This time of year can easily create an experience of being over-busy, and build up stress. For those with a long-term health condition, the demands of the season can outstrip the energy and capacity you have available and can lead to feelings of frustration and self blame. For those who experience stress, the season can edge you closer to feeling overwhelmed.
Many of us have a genuine and heartfelt desire to ‘get everything done’, and create positive experiences for those we care about. Or we may put ourselves under pressure to try to repair difficult relationships because it is a season of goodwill. These additional stressors (even when they may have pleasant aspects to them) can lead us to forget to also look after ourselves.
Small acts of kindness towards ourselves are particularly important. Finding ways to calm and soothe ourselves in the midst of busyness is important for our wellbeing. Even if you have never practised mindfulness there are mindful things you can do.
A breathing space
Before you start this practice find a quiet spot. You can do this, standing, sitting or lying down. All we are doing is resting our awareness on the breath. Our minds will inevitably create thoughts which will pull us away from the present moment and the practice – its just what minds do. When you notice this, just gently and without judging your mind for wandering, bring it back to rest on the breath once more.
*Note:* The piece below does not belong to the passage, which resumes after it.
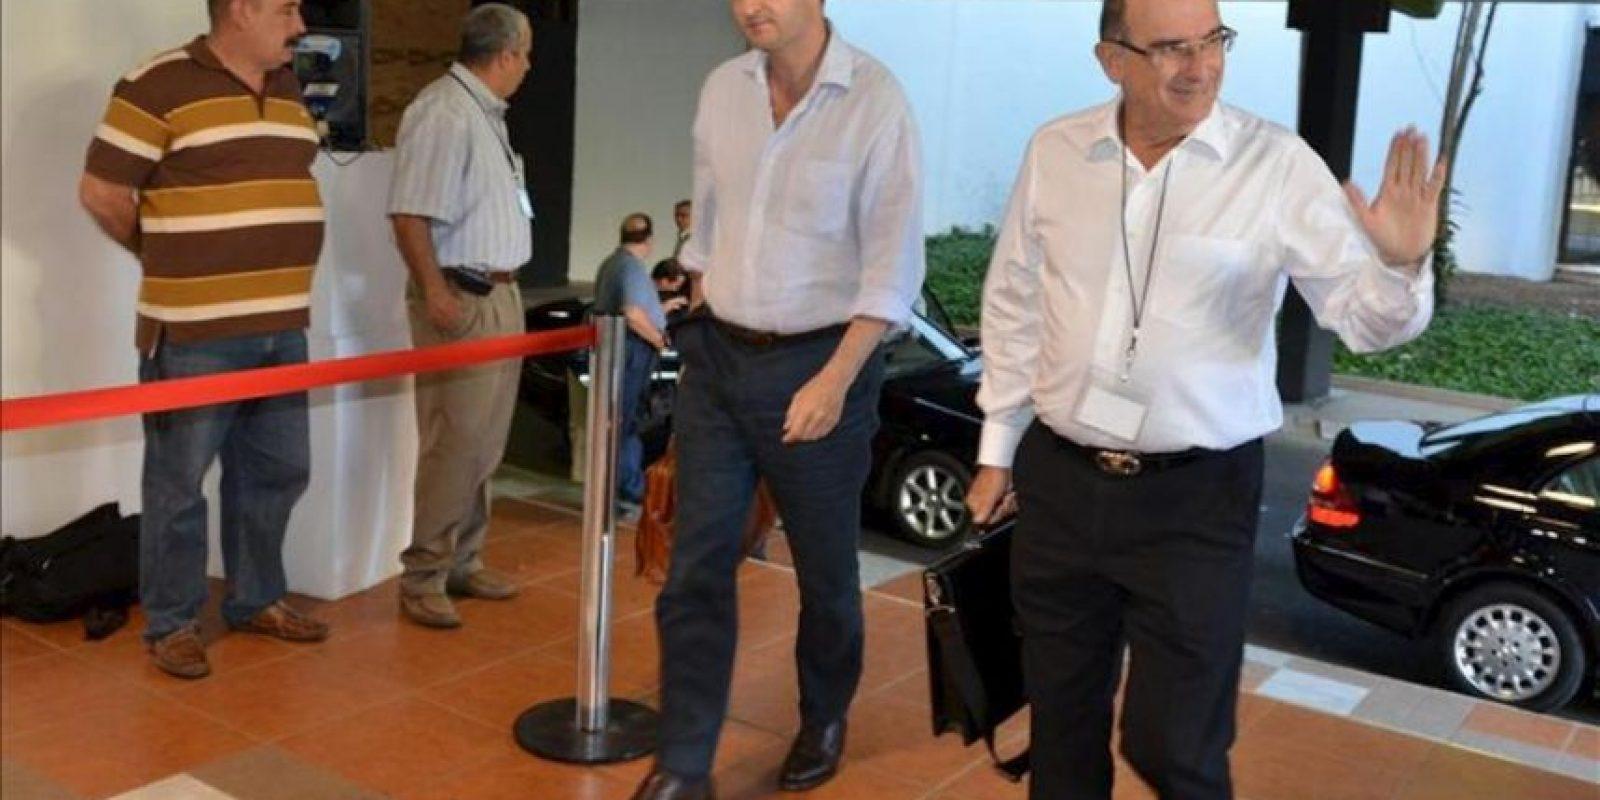 El jefe del equipo negociador del Gobierno de Colombia en los diálogos de paz con la guerrilla de las FARC, Humberto de la Calle (d), llega al Centro de Convenciones de La Habana (Cuba), donde continúan las conversaciones entre ambas partes. EFE
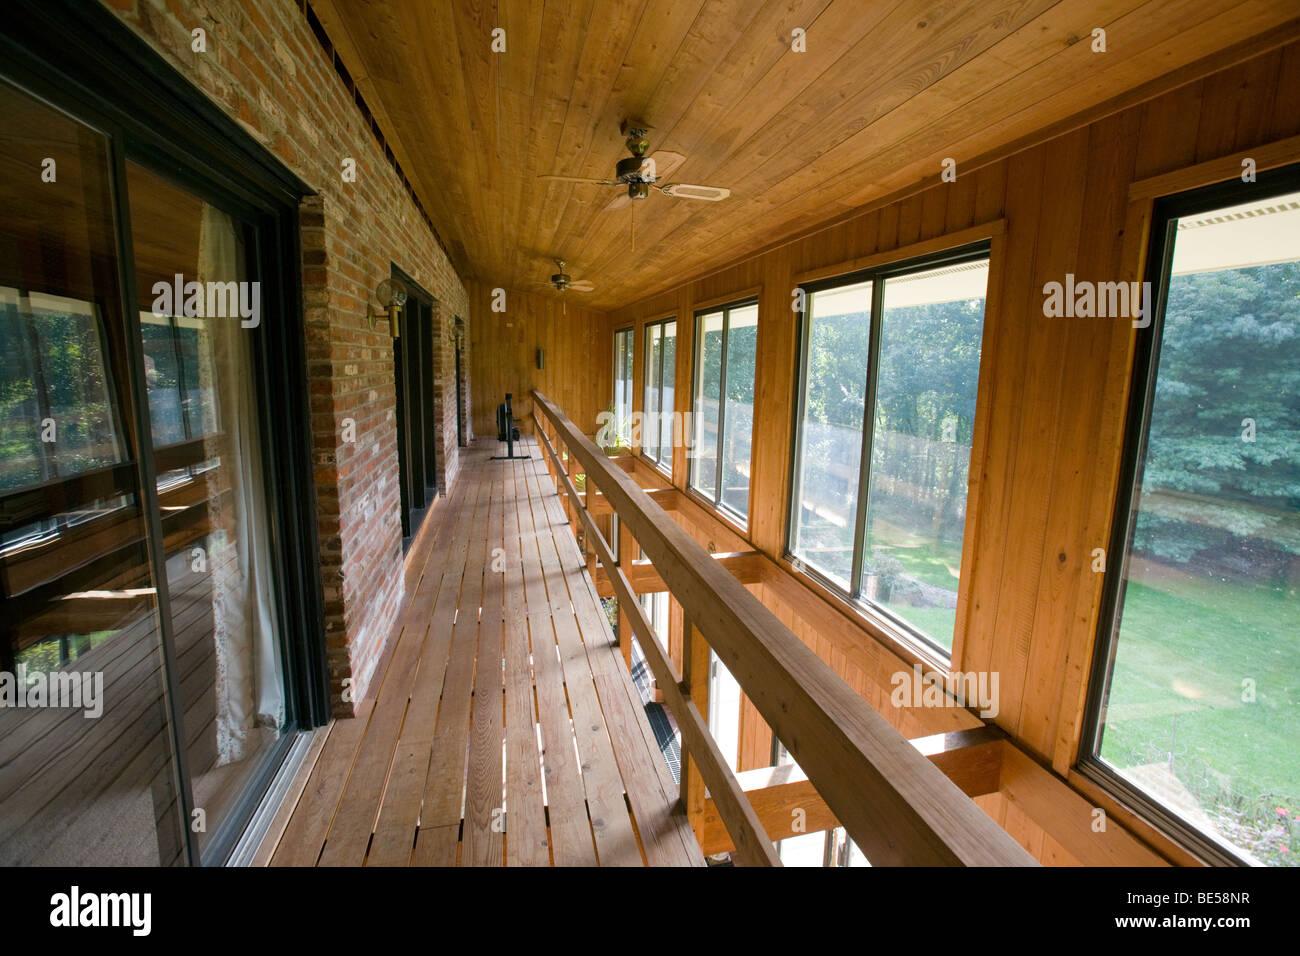 """Vue de l'intérieur de l'atrium (solarium) dans une enveloppe """"solaire passif"""" maison design Photo Stock"""

So, take a few breaths, just normal breaths, no need to try to change or control the breath in any way. If you can, close your eyes, or find a soft focus on a steady spot. As you do this try to bring your awareness to rest on the actual sensations of each breath. Use your senses to notice the feelings inside your body as you breathe. Gently move your awareness around – notice feelings in the chest, the belly, the back of the body. Where do you notice your breath most strongly? Where are the very subtle sensations – almost the echo of the breath felt. When you have spent a few minute with your breath, just gently broaden your awareness to include the sights, sounds smells around you, and as you take the next steps into your day, try to take with you a sense of the breath as an anchor you can return to and rest with whenever you want to. It is always there.
Repeat, as often as you like. It’s a good idea to practice this at times when you are already in a more relaxed state, so that when you use it in more stressful moments, it is something your mind and body are familiar with and can recognise as a small space of rest and respite.